# Early Merckx resto part II



## cathyandrob (Jun 15, 2006)

I previously satrted this thread about my early Merckx's

http://forums.roadbikereview.com/showthread.php?t=239326

I have now got the blue one painted in Faema colours and I think it looks great.

Will be a month or two before I can build it up, but when I get it running I'll get a pic up.

Painted by Peter at Star Enamellers in Sydney, I think he does an absolutely beautiful job.

All the best

Rob


----------



## cathyandrob (Jun 15, 2006)

*and a few more*

I never really found out if it was 531 or Columbus, but as my other one is 531 I took a punt.


----------



## martinrjensen (Sep 23, 2007)

What's that say on the top of the seat stay? Can't quite make it out, but it doesn't say "em", which I would have expected. What's the story?


----------



## cathyandrob (Jun 15, 2006)

*It's Eddy's signature*



martinrjensen said:


> What's that say on the top of the seat stay? Can't quite make it out, but it doesn't say "em", which I would have expected. What's the story?


The other post had a quote regarding the first year of factory production, frames had the signature rather than the em symbol of the subsequent years.

I'm lucky enough to have two of them, and the red one (other thread)is probably the nicest riding of the Merckx frames I have.


----------



## martinrjensen (Sep 23, 2007)

It does look very nice. did you have the decal made? the down tube one with the guilt edges? I like that. I couldn't find one


----------



## velomateo (Mar 7, 2009)

Nicely done, but I'm surprised you didn't use the head & seat tube decal with Eddy's picture - since the your frame and the Faema colors are so classic. I'm looking forward to seeing it completed.


----------



## cathyandrob (Jun 15, 2006)

*Stickers from Cyclomondo.....*



martinrjensen said:


> It does look very nice. did you have the decal made? the down tube one with the guilt edges? I like that. I couldn't find one


as per ebay.

He didn't have the red with gold edging up on ebay, but I emailed him and he said he had some.

Wanted red as it goes with the red/white scheme.

Thanks for the complements.


----------



## cathyandrob (Jun 15, 2006)

*Yeah, I thought of that.....*



velomateo said:


> Nicely done, but I'm surprised you didn't use the head & seat tube decal with Eddy's picture - since the your frame and the Faema colors are so classic. I'm looking forward to seeing it completed.

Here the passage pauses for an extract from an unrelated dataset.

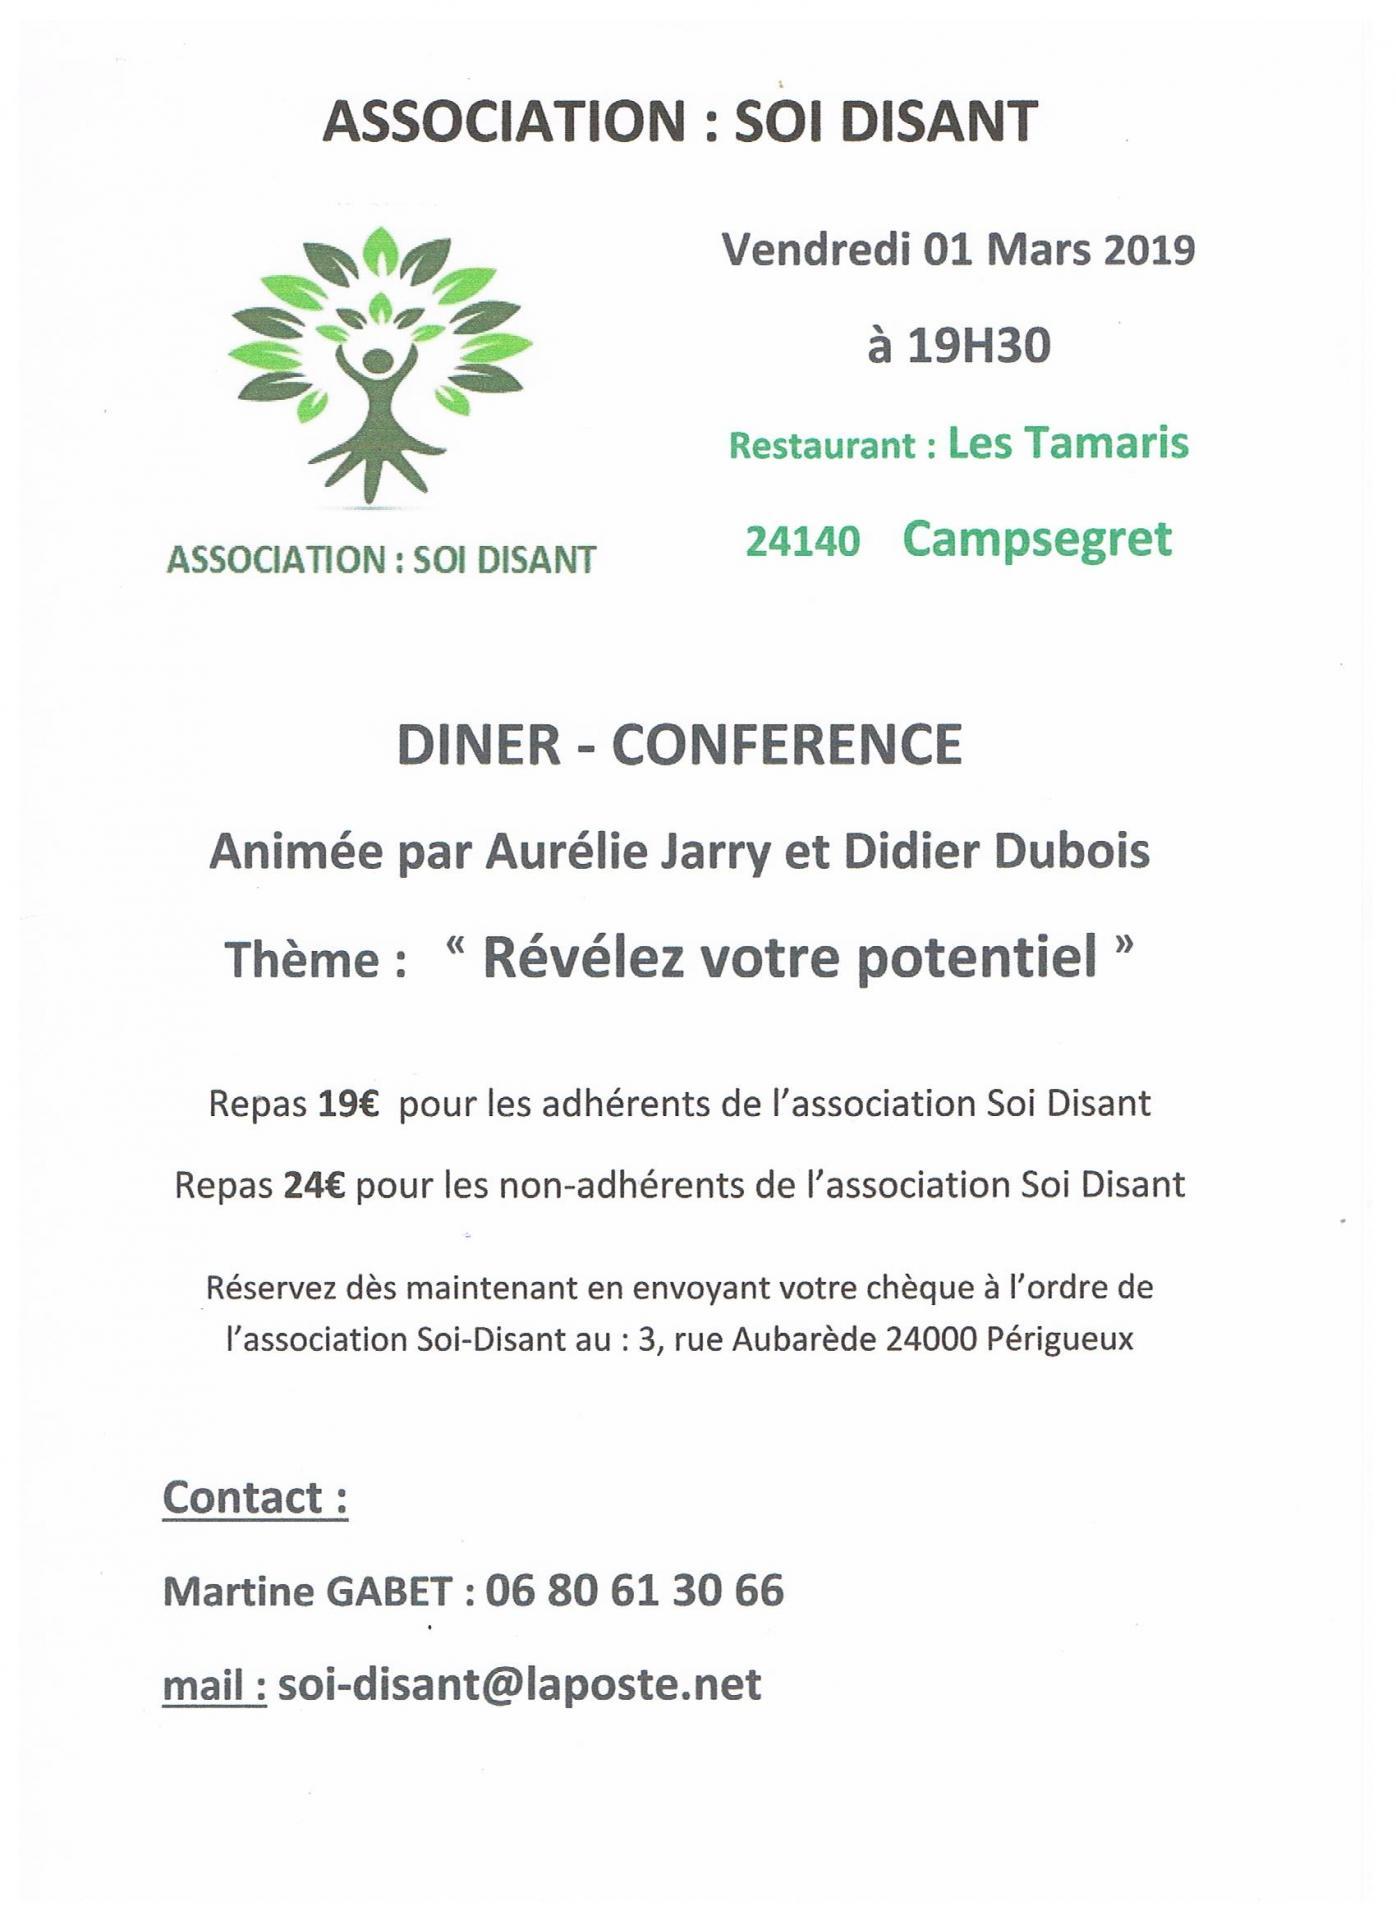 Diner conference 01 mars 2019 association soi disant pdf

but only after I got it back from the painter. 

It would have looked good with the portraits, but hard to change it now, it will have to do.


----------



## martinrjensen (Sep 23, 2007)

Man, wish I knew that. I love that decal. Guess I got to buy another Merckx....


cathyandrob said:


> as per ebay.
> 
> He didn't have the red with gold edging up on ebay, but I emailed him and he said he had some.
> 
> ...


----------



## Wheelspeed (Nov 3, 2006)

Gorgeous! :thumbsup:


----------